Porto Rico como enclave estratégico norte-americano no Caribe
À medida que os dias passam e continuam a surgir novos desenvolvimentos em torno da Venezuela, a atividade militar dos EUA no Caribe mantém-se constante. Depois de deixar para trás a operação conjunta de precisão Resolução Absoluta e do regresso dos caças F-22 aos Estados Unidos, a Casa Branca continua a sustentar a sua presença militar na ilha de Porto Rico, enviando um sinal de proximidade a Caracas enquanto se vão resolvendo as questões políticas internas. A partir da ilha, a Zona Militar prossegue a cobertura de um enclave estratégico para o país norte-americano no Caribe.
Há vários meses que as Forças Armadas dos EUA estão presentes em Porto Rico, de onde têm projetado um amplo conjunto de meios e infraestruturas aéreas, navais e logísticas. Desde o porta-aviões USS Gerald R. Ford até aos caças F-35 e F-22, passando por aeronaves de transporte e helicópteros, todos foram inicialmente enquadrados no que Washington definiu como missões de combate ao narcotráfico. Os ataques contra embarcações acusadas de tráfico de droga, juntamente com as patrulhas navais e os voos junto à Venezuela, foram apenas algumas das demonstrações de força que mais tarde tiveram a sua expressão mais visível a 3 de janeiro, com a captura de Nicolás Maduro.
O aeroporto José Aponte de la Torre e o dispositivo militar dos EUA
No entanto, não se pode ignorar o papel que a ilha de Porto Rico desempenha atualmente no contexto regional, uma vez que se tornou decisiva para os Estados Unidos projetarem e sustentarem as suas capacidades militares. Como já foi referido, as Forças Armadas norte-americanas estão distribuídas por várias zonas da ilha, mas o Aeroporto José Aponte de la Torre destacou-se como um dos nós centrais do esquema operacional, ganhando notoriedade entre especialistas pela grande diversidade de meios ali estacionados.
Entre as plataformas observadas encontravam-se caças-bombardeiros furtivos de quinta geração F-35 Lightning II, tanto da Guarda Aérea Nacional como do Corpo de Fuzileiros Navais dos EUA; aeronaves AV-8B Harrier II+ pertencentes aos fuzileiros; aeronaves de guerra eletrónica EA-18G Growler da Marinha dos EUA; helicópteros HH-60W Jolly Green II de busca e salvamento em combate e salvamento, pertencentes à 33.ª Esquadrilha de Salvamento; bem como helicópteros de ataque AH-1Z Viper e helicópteros utilitários UH-1Y Venom.
A combinação de pistas, áreas de apoio e corredores marítimos faz de Porto Rico uma base particularmente útil para operações prolongadas. A sua localização permite reduzir tempos de reação, facilitar a rotação de meios e assegurar um apoio logístico mais eficaz às aeronaves e embarcações destacadas na região. Por isso, a ilha não funciona apenas como ponto de passagem: assume também o papel de plataforma de sustentação e de projeção de poder.

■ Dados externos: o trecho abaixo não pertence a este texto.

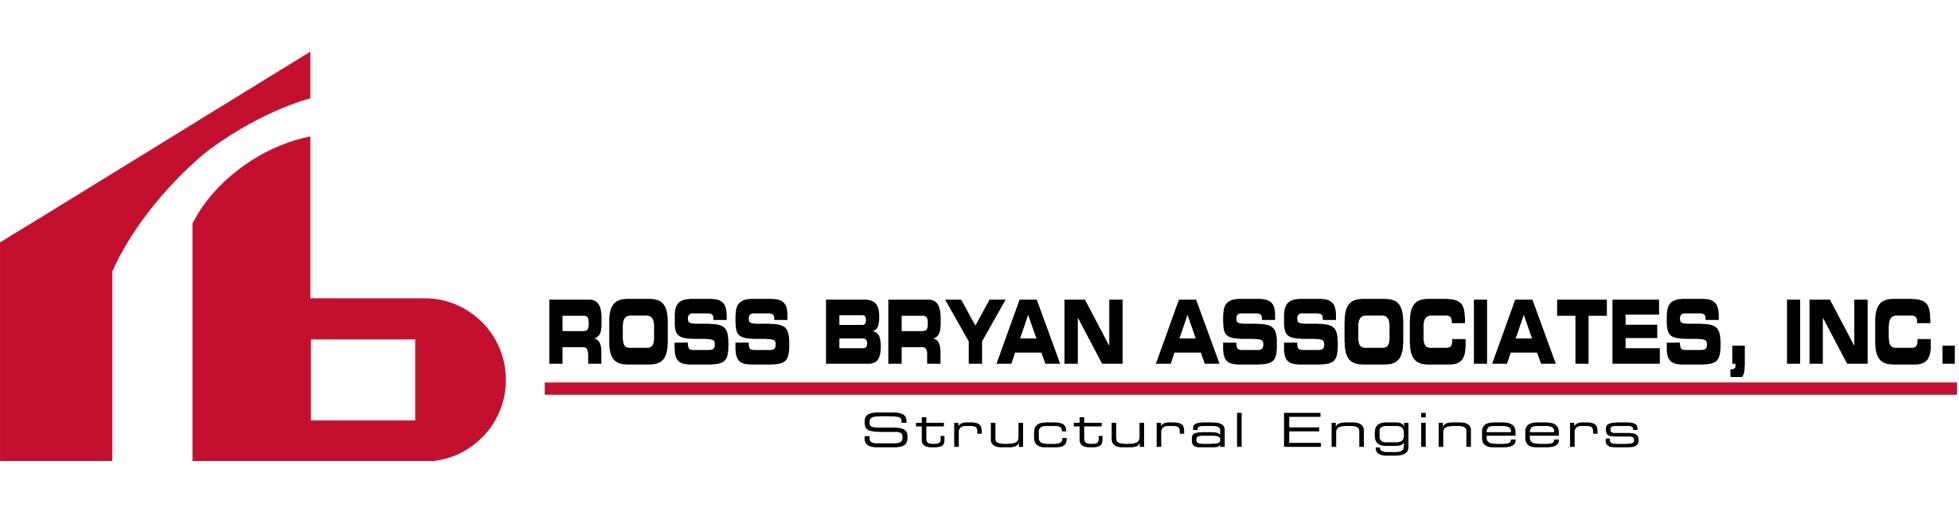 Ross Bryan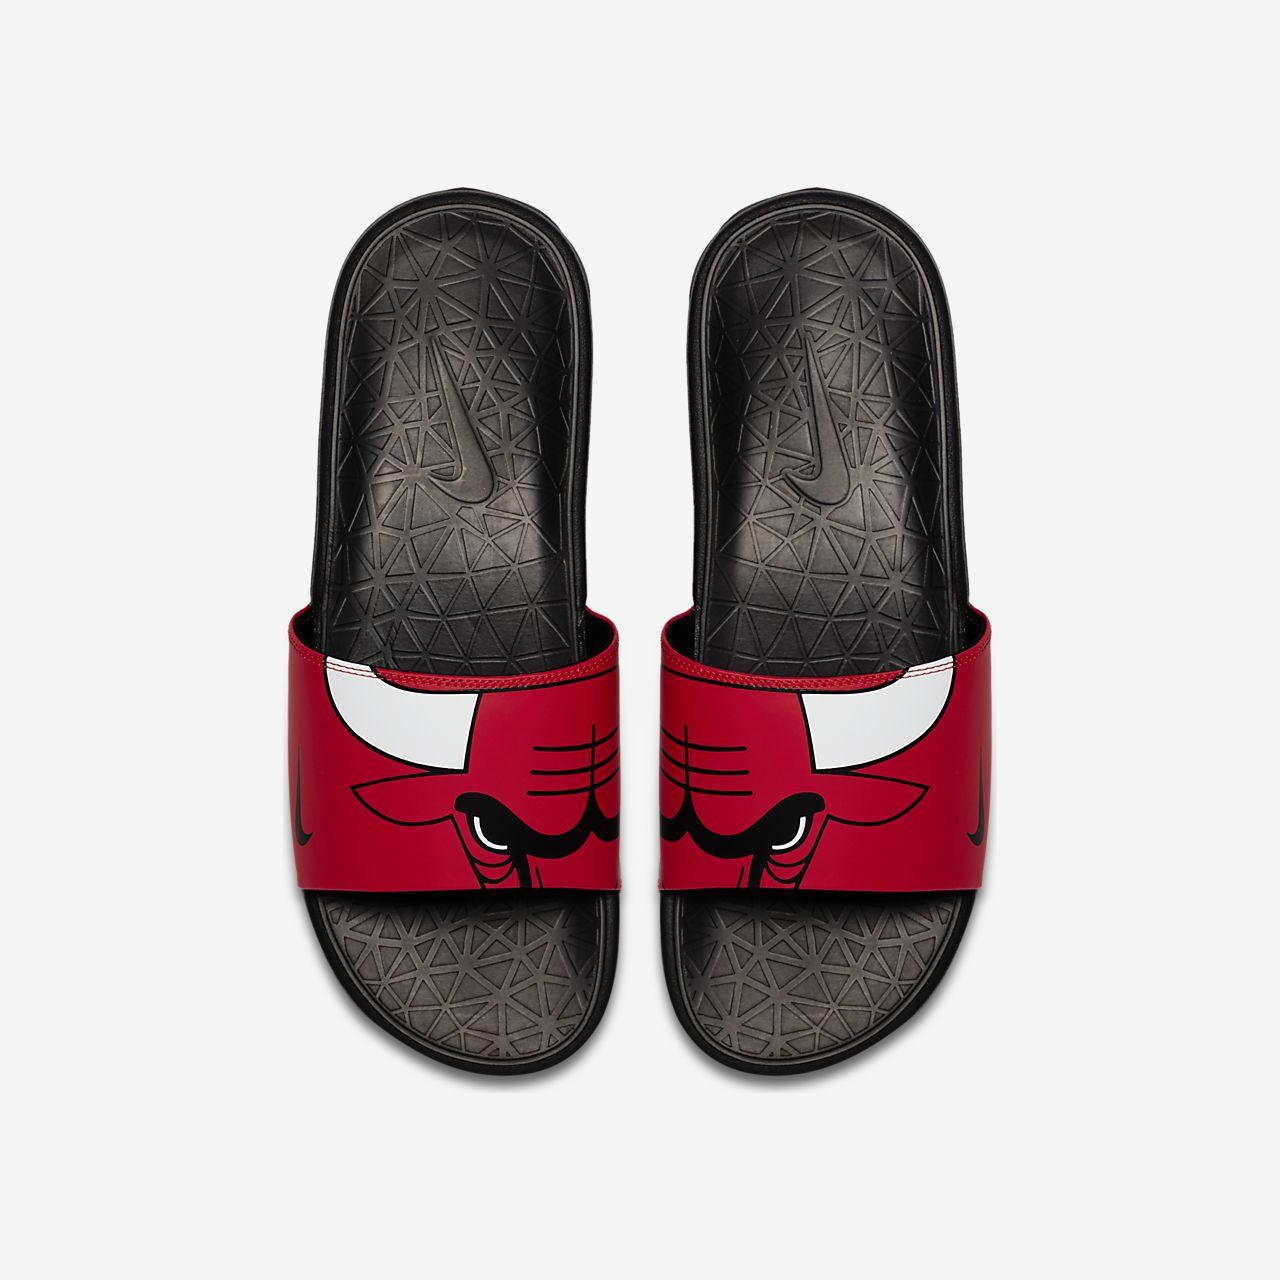 Hombre Sandalias Nike Chile Chile Sandalias Hombre Hombre Nike Chile Sandalias Sandalias Nike OX8wn0Pk

Com base nisso, durante o nosso segundo dia de cobertura foi possível confirmar que a atividade dos meios e unidades militares em Porto Rico continua a manter-se elevada, reforçando o papel da ilha como centro de apoio operacional no quadro regional e como a posição avançada mais próxima dos EUA no Caribe, num contexto ainda marcado pela evolução da situação na Venezuela.
A permanência contínua destes meios, mesmo após a conclusão da operação Resolução Absoluta, sugere que Washington pretende conservar uma capacidade operacional flexível na região. Para além de operações concretas, o dispositivo deve também ser entendido como parte de uma lógica sustentada de presença prolongada, orientada para garantir o controlo do espaço aéreo e marítimo, servindo ainda como instrumento de sinalização estratégica perante atores extra-regionais.